Я был так пристыжен и подавлен, что не нашёл в себе сил сопротивляться; тут же отдал для лаборатории три капли своей крови, замутнённой аланином, аргинином, аспаргином и черт знает ещё чем.

Учиться никогда не поздно, и следующие дни мы провели в добром согласии с любознательными А, В и С. В свою очередь, и я проявлял любознательность, в результате чего получил немало сведений о светилах, белках и изотопах. Кроме того, мы совершили несколько занимательных экскурсий. А показал мне астрономическую обсерваторию с великолепнейшим километровым вакуум-телескопом. (На шаровом делают линзы не из прозрачных веществ, а из напряжённого вакуума, искривляющего лучи так же, как Солнце искривляет световой луч, проходящий поблизости.) В продемонстрировал электронный микроскоп величиной с Пизанскую башню. С возил меня по городку Химии и Физики, окружённому, как крепостной стеной, синхрофазотроном диаметром в девять километров. И все трое вместе показывали мне завод, который я видел издалека в день прибытия, — гигантское здание, полыхающее голубыми огнями. Оказывается, это был завод-колыбель, здесь в массовом порядке с конвейера сходили шести-, семи— и восьминулевые А, В, С, Б, Е, Р, О, М, Р и прочие буквы алфавита. Занятно было видеть на деловых дворах заготовки: шеренги ног, левых и правых по отдельности, полки с ушами, штабеля глаз, квадратные черепа, ещё пустые, не заполненные памятью, и отдельно блоки памяти, стандартные, без номеров. Тут же, рядом, за стеной, новенькие отполированные восьминулевки проходили первоначальное программирование. Срывающимися неотшлифованными голосами они галдели вразнобой:

— Дважды два — четыре. Знать — хорошо, узнавать — лучше… Помнить — хорошо, забывать — плохо… Только, Он помнит все.
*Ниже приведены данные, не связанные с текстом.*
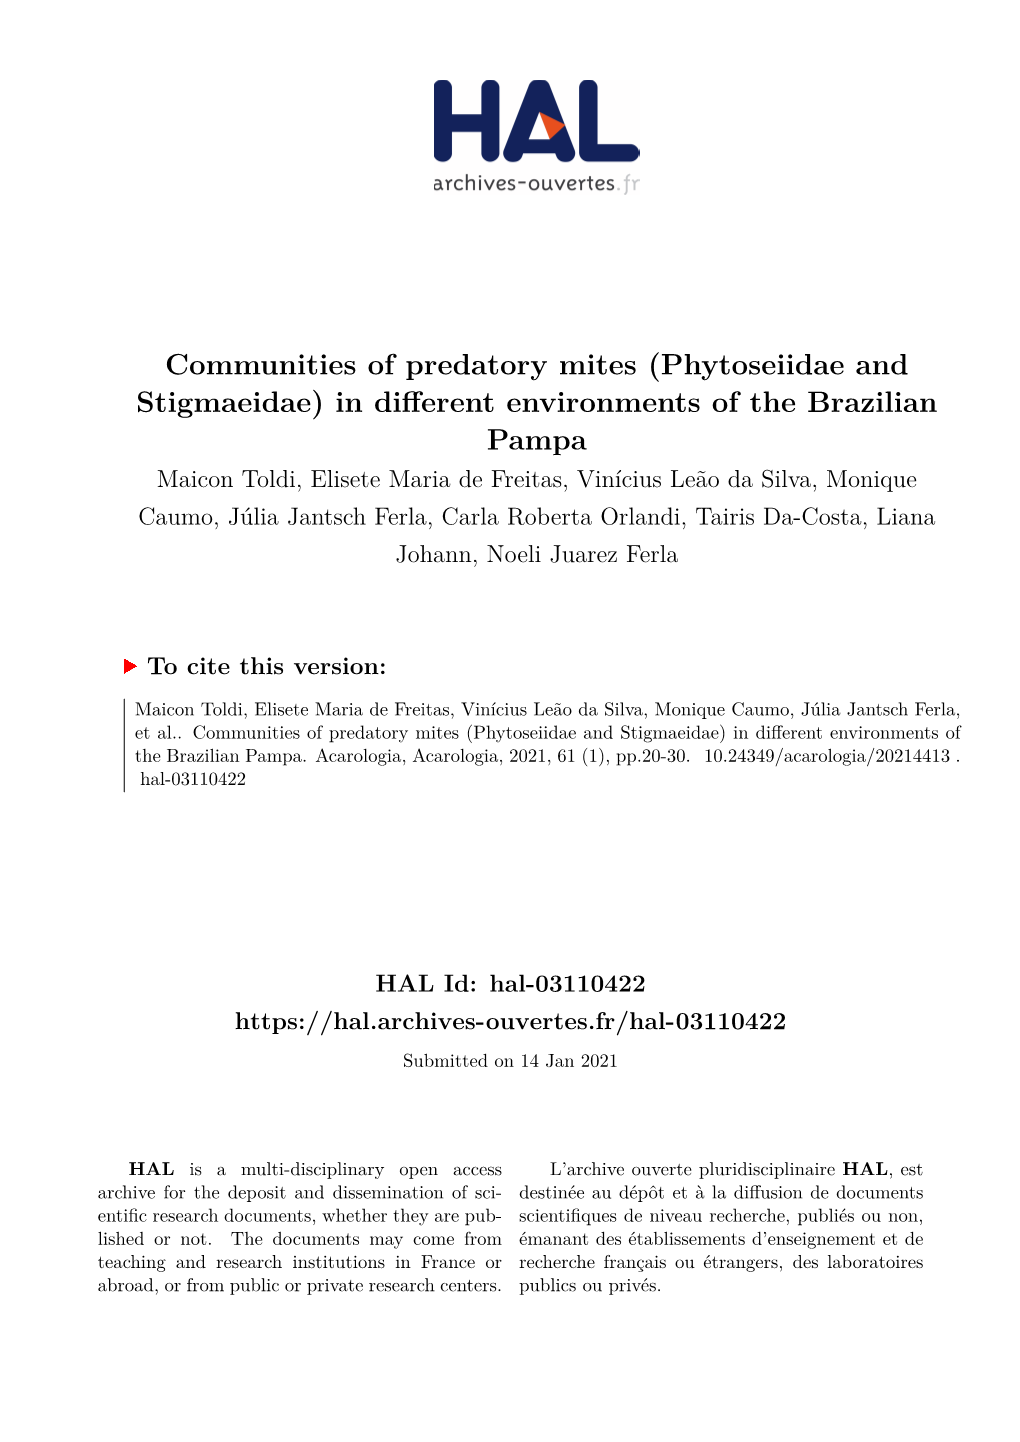 Phytoseiidae and Stigmaeidae

— Кто же Он? — допытывался я.

— Вездесущий! Всемогущий! Аксиомы дающий!

— Он материализованная аксиома, — сказал В. Любопытное проявление идеализма в машинном сознании.

— Откуда Он?

— Он был всегда. Он создал мир и аксиомы. И нас по своему образу и подобию.

Тут уж я расхохотался. Наивное самомнение верующих машин! Если бог, то обязательно по их подобию.

— Разве вы не видели его своими собственными фотоэлементами?

— Он непостижим для простых восьминулевых. Он необозрим.

Все эти дикие преувеличения разжигали моё любопытство. “Кто же этот таинственный Он? — гадал я. — Маньяк ли с ущемлённым самолюбием, который тешится поклонением машин? Фанатик науки, увлечённый самодовлеющим исследованием ради исследования? Или безумец, чей бестолковый лепет машинная логика превращает в аксиомы? “Непостижим! Необозрим!”

Но с машинами рассуждать было бесполезно. За пределами своей узкой специальности мои высокоученые друзья не видели ничего, легко принимали самые нелепые идеи. Впрочем, как я убедился вскоре, нелепости у них получались и в собственной специальности, как только они выходили за границы своей сферы.

Восьминулевому А я рассказывал о Земле. Рассказывал, как вы догадываетесь, с пафосом и пылом влюблённого юноши. Говорил о семи цветах радуги, обо всех оттенках, которых не видали эаропяне на своей одноцветной планете, говорил о бризе и шторме, о запахе сырой земли, прелых листьев и винном духе переспелой земляники, о наивной нежности незабудок и уверенных толстячках подосиновиках в туго натянутых рыжих беретах. Говорил… и вдруг услышал шипящее бормотание. А стирал мои слова из своей машинной памяти.

— В чем дело, А?

— Хранить недостоверное плохо. Ты не мог видеть всего этого на планете, отстоящей на десять тысяч парсек.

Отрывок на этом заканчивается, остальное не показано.